INPUT DATA:
____

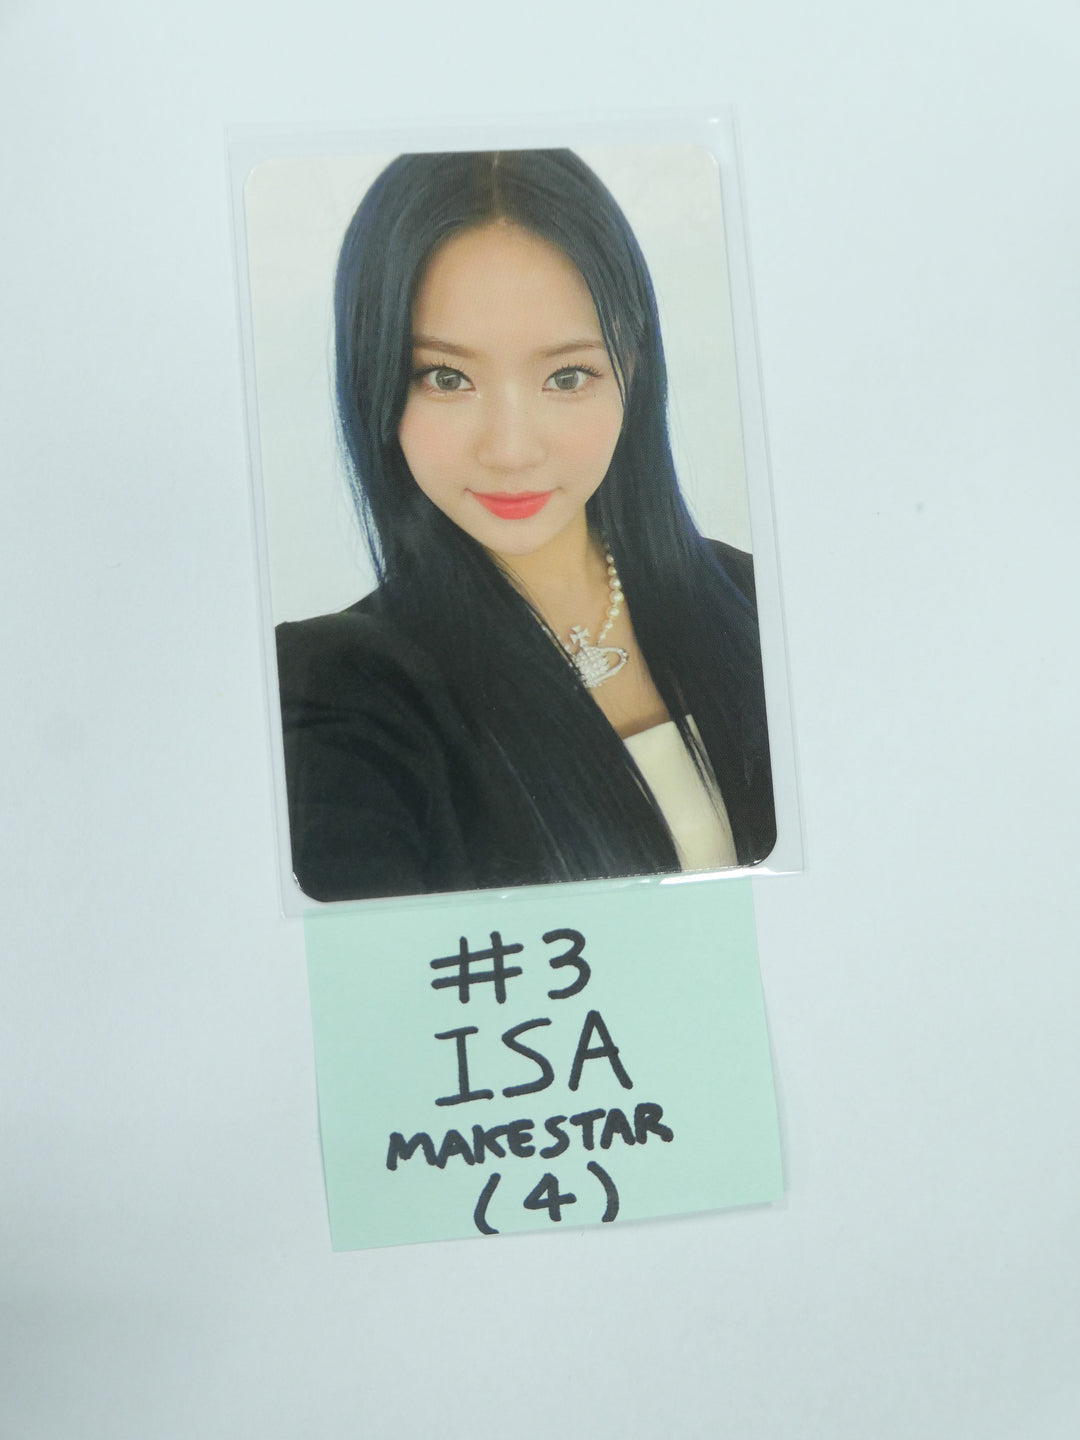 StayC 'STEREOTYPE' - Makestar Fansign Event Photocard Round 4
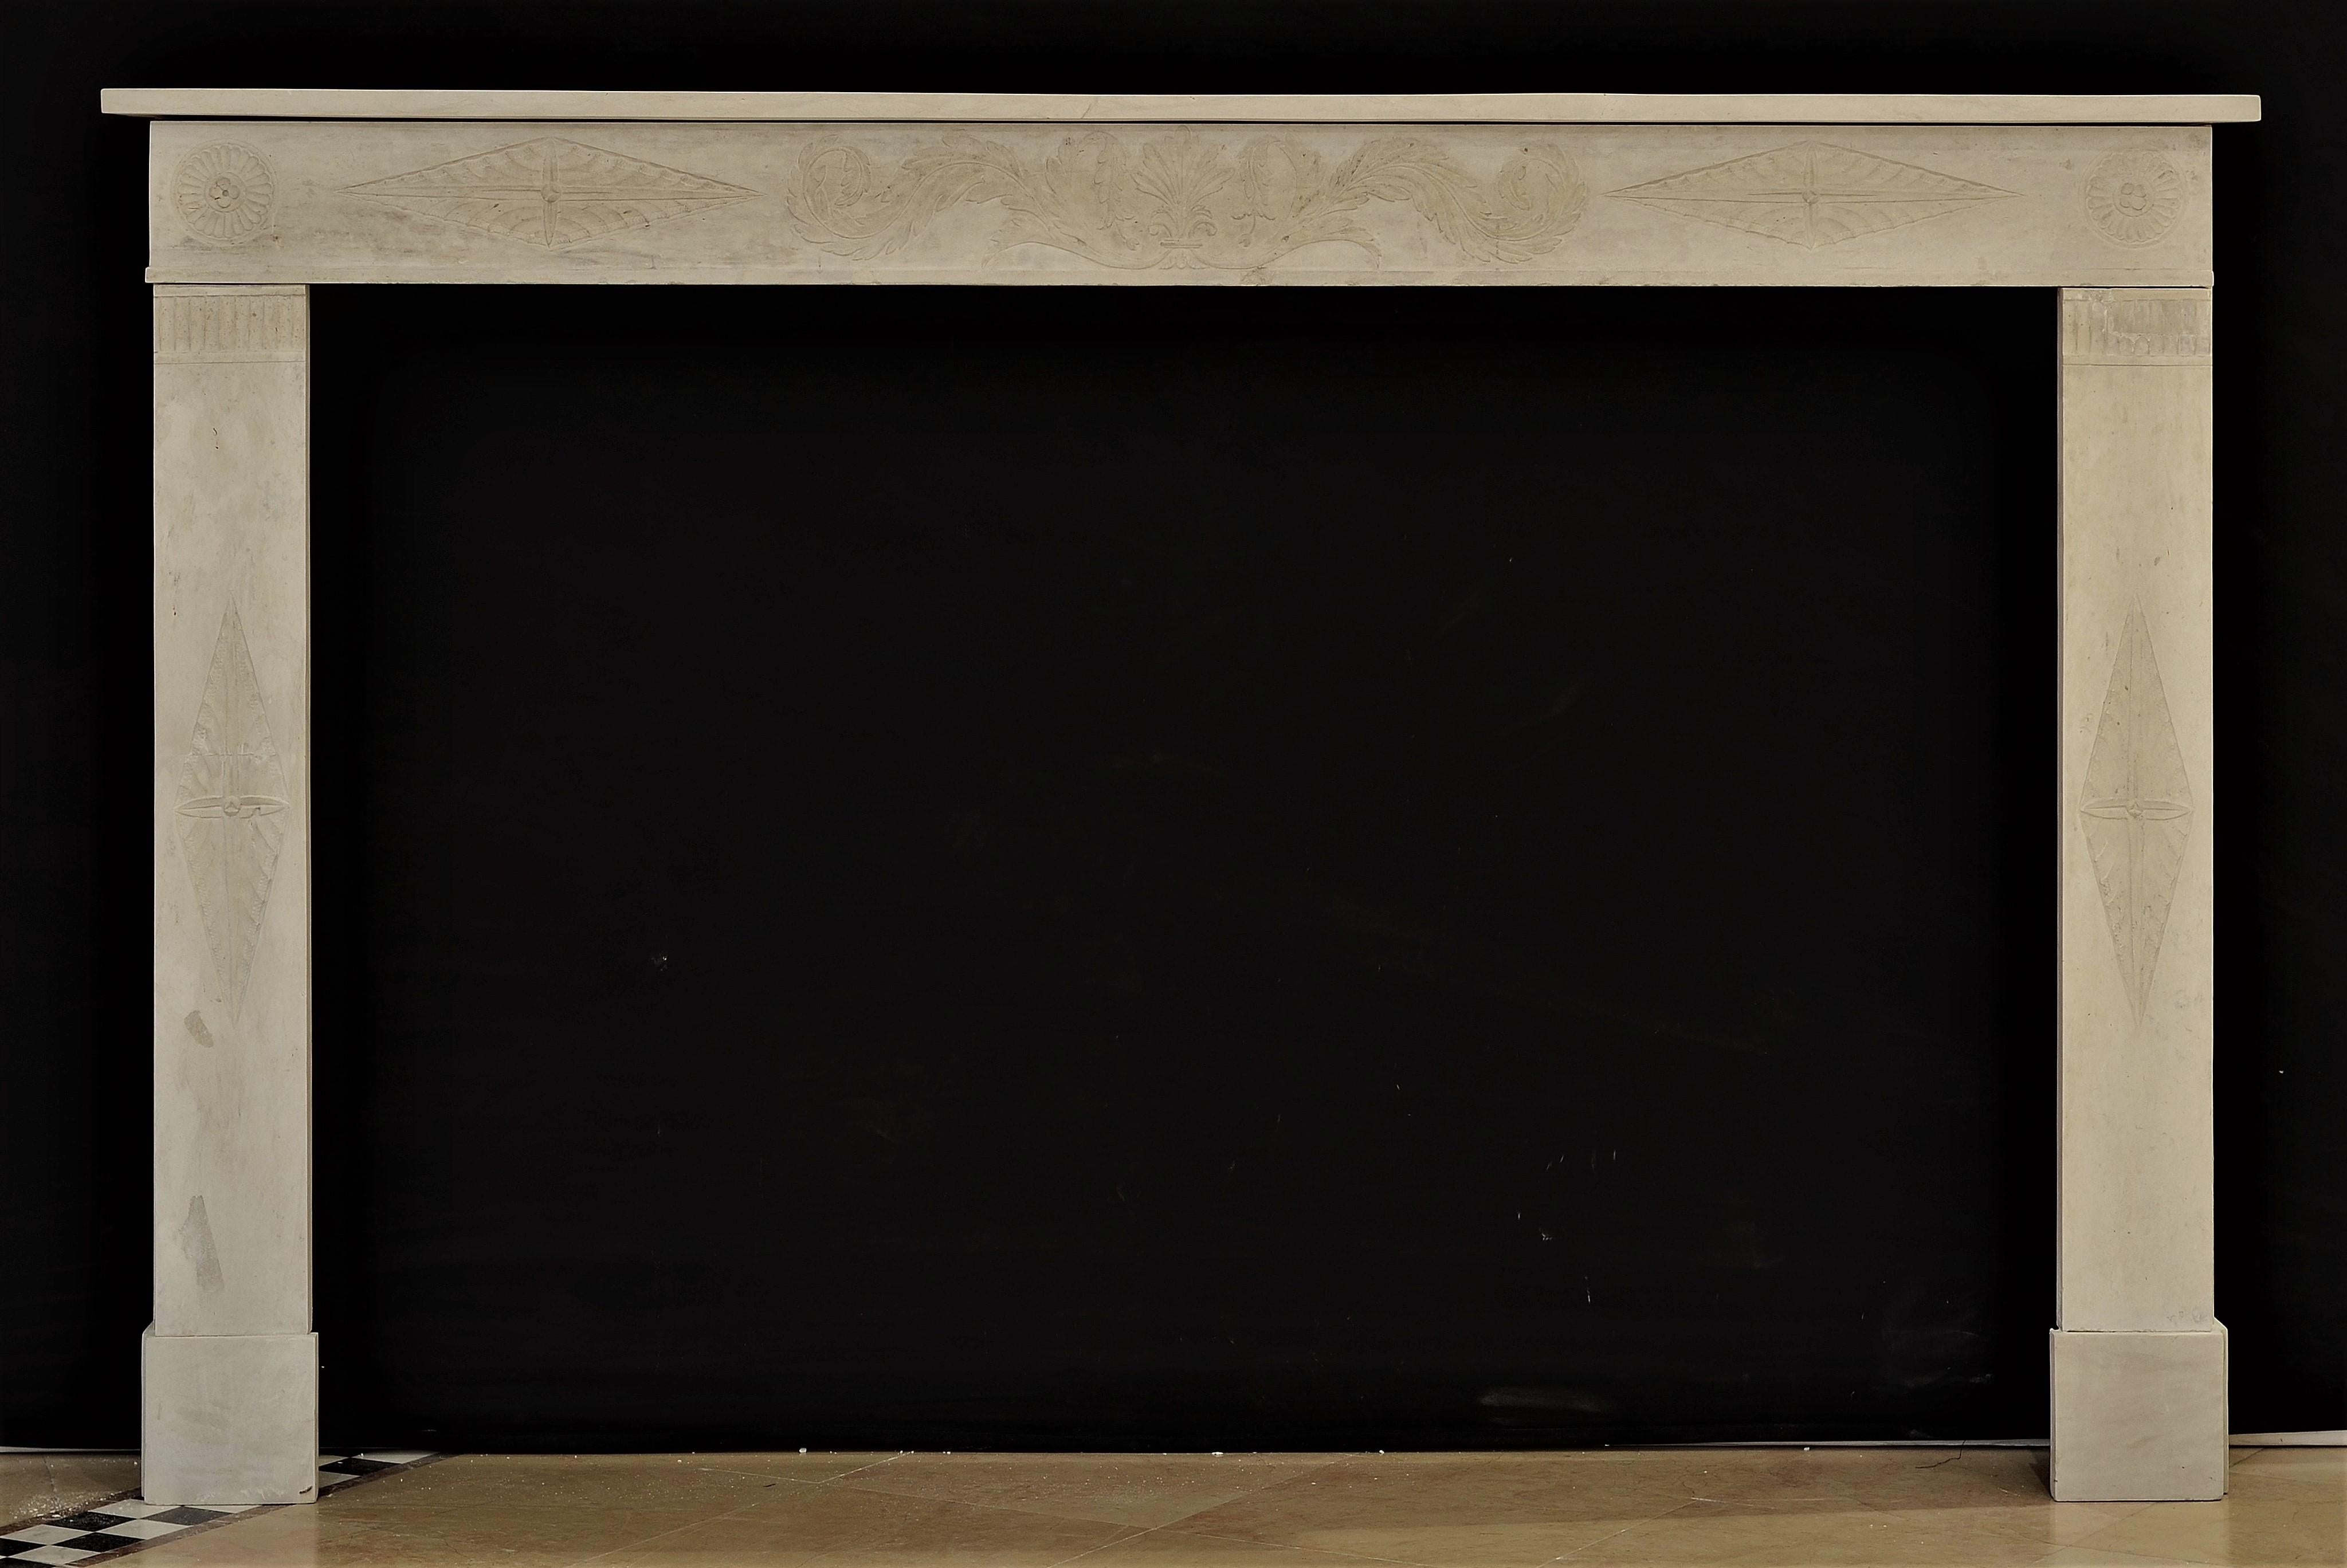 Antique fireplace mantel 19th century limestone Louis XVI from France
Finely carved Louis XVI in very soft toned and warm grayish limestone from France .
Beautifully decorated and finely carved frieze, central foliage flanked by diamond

____

ABOUT THIS TASK: If a line above contains the word "carved", list it.

ANSWER FOR THIS EXERCISE:
Finely carved Louis XVI in very soft toned and warm grayish limestone from France .
Beautifully decorated and finely carved frieze, central foliage flanked by diamond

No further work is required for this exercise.